A short snipit on the meaning of Gettysburg, reiforcing that it was the turning point in the Civil War. It showed that a democratic government, never before tried in the world, where the government was of the people, for the people, and by the people, could survive and thrive. Lincoln's Gettysburg Adresss sums it all up quite nicely.
"A different prospective"
A different prospective of the importance of the Battle of Gettysburg from a political standpoint rather than a military standpoint. A short review that ends with the reading of the Gettysburg Address will inspire all true Americans outlook on this world's greatest country.
"Enjoyable preview for book of vignettes"
I read some of these essays when they ran in the NY Times, and appreciated getting this preview before buying the whole book. My teenage history-loving son enjoyed this preview, and it made us decide to get the whole book soon.
Of course the whole significance of Gettysburg can't be covered in 14 minutes. But if you are looking for something episodic to listen to the car, or for short time before bed, as we are, this was a great length.

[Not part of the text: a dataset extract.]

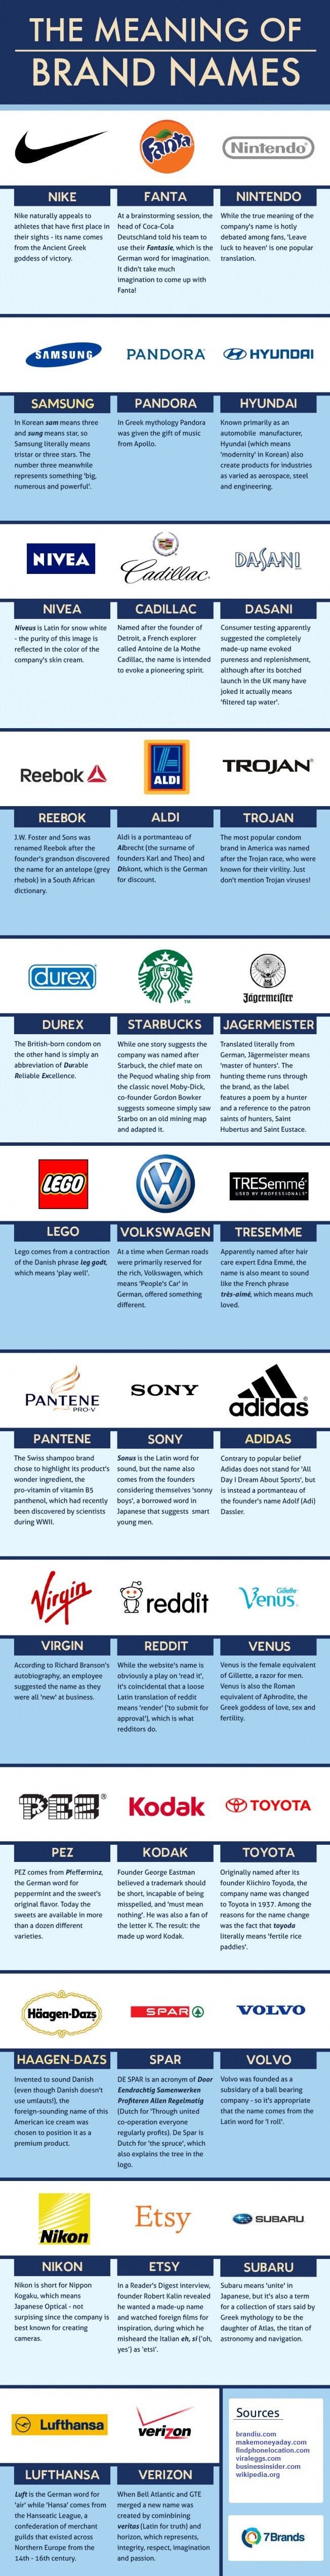 nike brand name meaning

The narrator was good and engaging as well.
"Not my cup of tea"
It was free. It was okay but slow and not what I expected. Provided a great perspective.
"Readers Digest version"
Quite a condensed version; leaves the reader to hear more. The speaker needs to utilize more inflection in his voice.
"concise and precise but that's it"
concise and precise but annoyed at 20 word requirement and I can't delete this book from list
Words we must live by...of the people, by the people and for the people. A refresher of the battle and aftermath at Gettysburg.
"Well written. Notably narrated."
Like the Address itself this is short when measured by words or time. But, it is not short on meaning, understanding or emotion.